Activ·Flora™ Planted Aquarium Substrate by World Wide Imports Ent., Inc. - has anyone used this substrate for their tanks? Good - bad - ok? I already bought 20 pounds and cycled the tank with it last week - there seems to be a high amount of sodium in this, that apparently, according to the rep I called yesterday - will always be in there, it won't rinse off. I won't have a planted tank and I told the LFS guy this and he said it wouldn't matter.
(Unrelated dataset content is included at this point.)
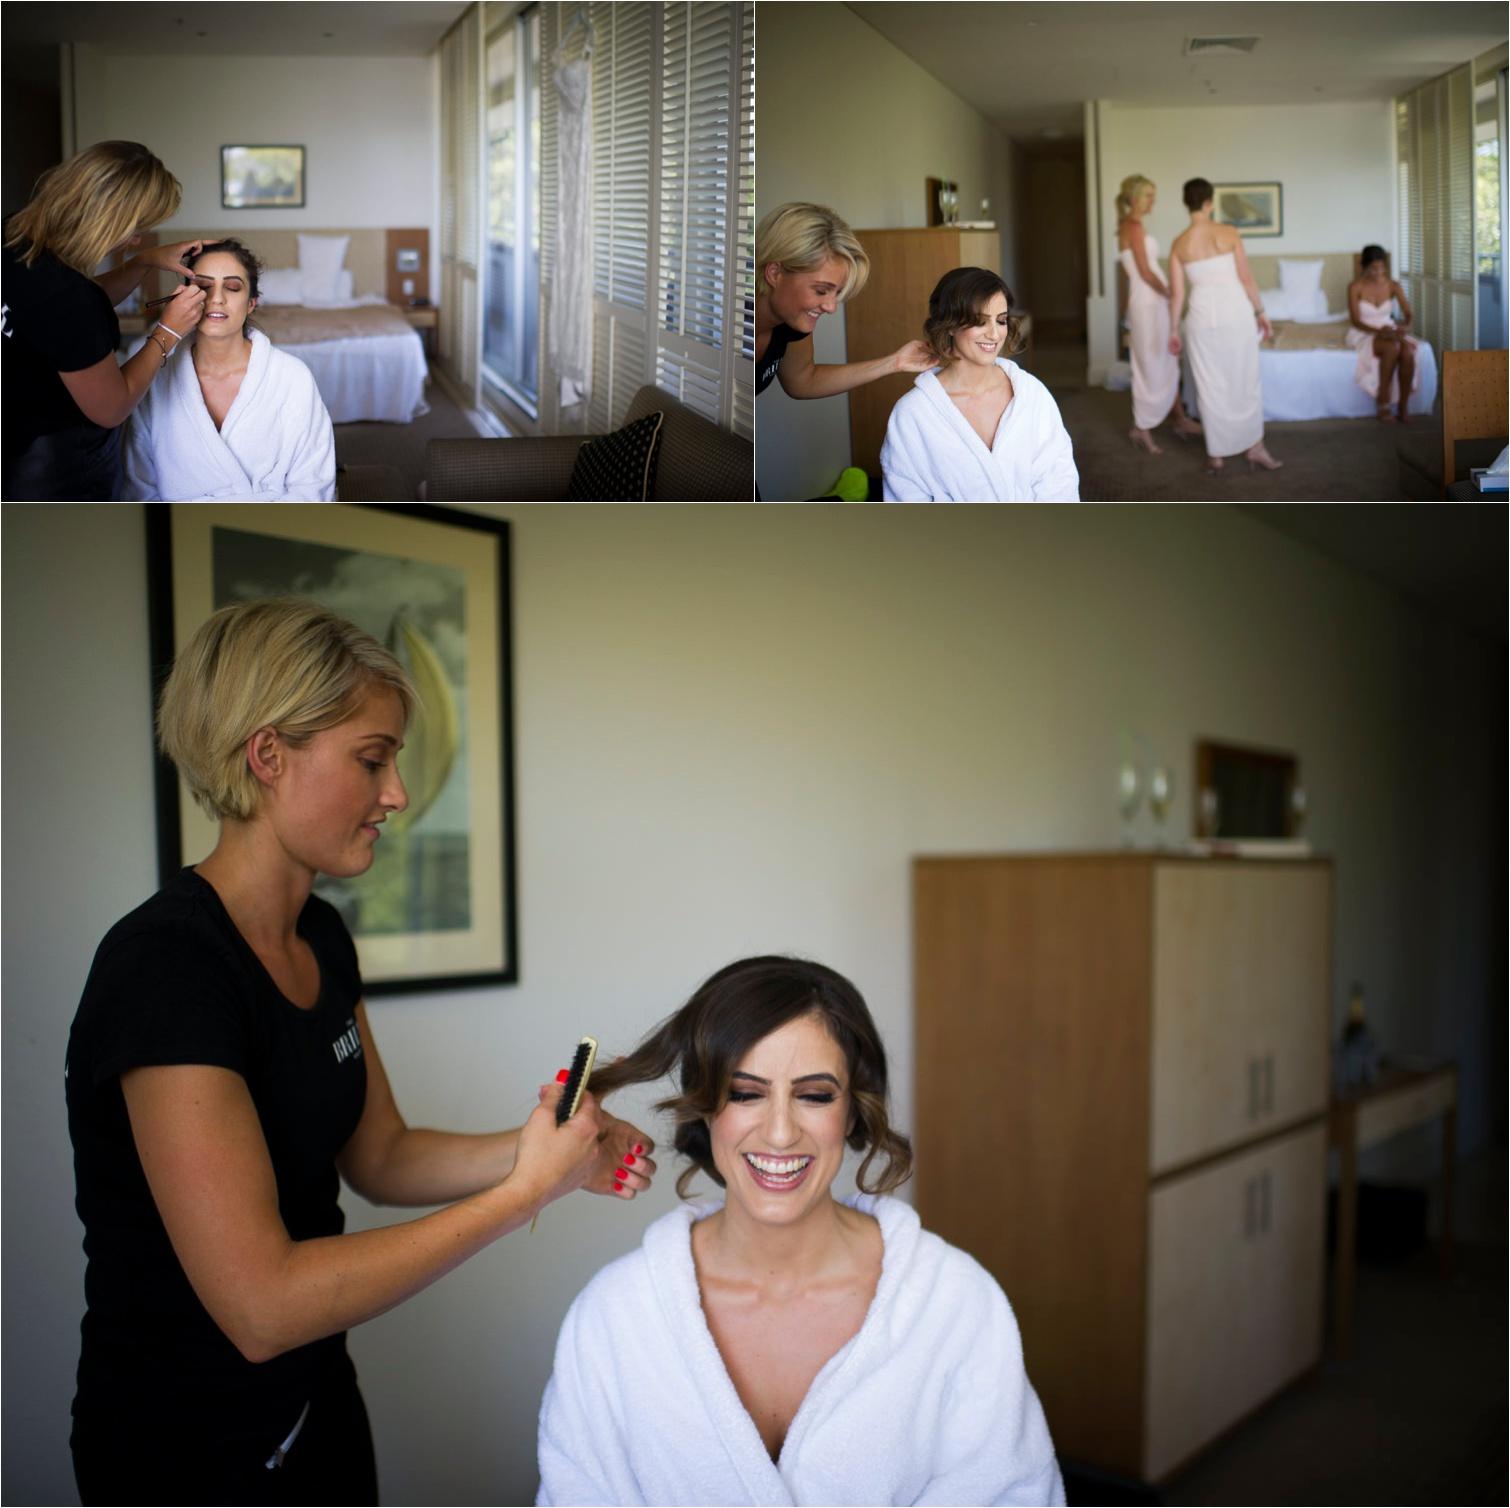 Nicole&Carlie_Watsons_Bay_Hotel_Wedding_by_Gold_Coast_Photographers-The_Follans2.jpg
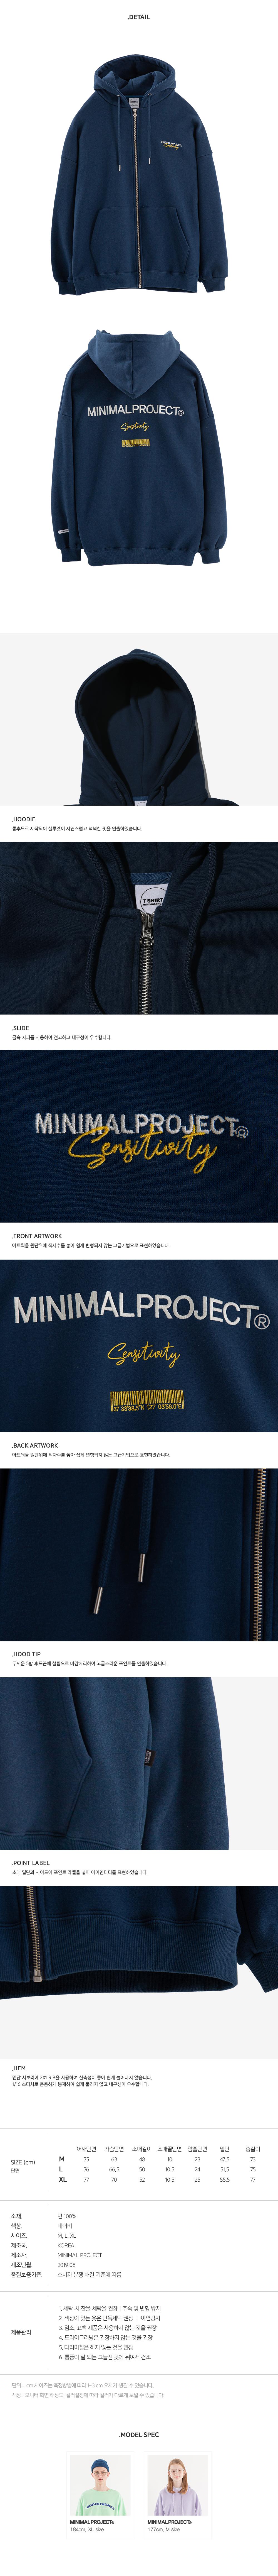 [minimal project] 미니멀프로젝트 바코드 자수 오버핏 후드집업 MZT103 [NAVY]

I'm not sure if I'm better off with just getting regular gravel. Thanks in advance for any input!

~tabbee


----------



## Keri (Aug 2, 2010)

Yeah! I have this stuff in my nano, it came out of the bag like mud and sand, I have a lot of malasian trumpet snails because they burrow and I was worried about it getting stagnant. My plants seem to love it? I don't know about sodium, are you talking about salinity?


----------



## tabbee (Jun 2, 2012)

Keri said:


> Yeah! I have this stuff in my nano, it came out of the bag like mud and sand, I have a lot of malasian trumpet snails because they burrow and I was worried about it getting stagnant. My plants seem to love it? I don't know about sodium, are you talking about salinity?


Hi there ~ I have the Floralite gravel.. sounds like you have a different type? I had no mud or sand. Sodium levels are 223 mg/kg (with 9kgs in the tank that seems like a lot of sodium). My apple snail did not survive being in this tank for less than 24 hours  Took 7 hours to acclimate it and things seemed great. Water tested negative for copper.... I'm guessing it must have been the sodium. I didn't read every single ingredient on the bag and the LFS didn't mention anything. I'm a bit leery now of using it and think I'll pick up regular gravel and dump this stuff out.
I feel pretty bad about the snail.. was a beauty.


----------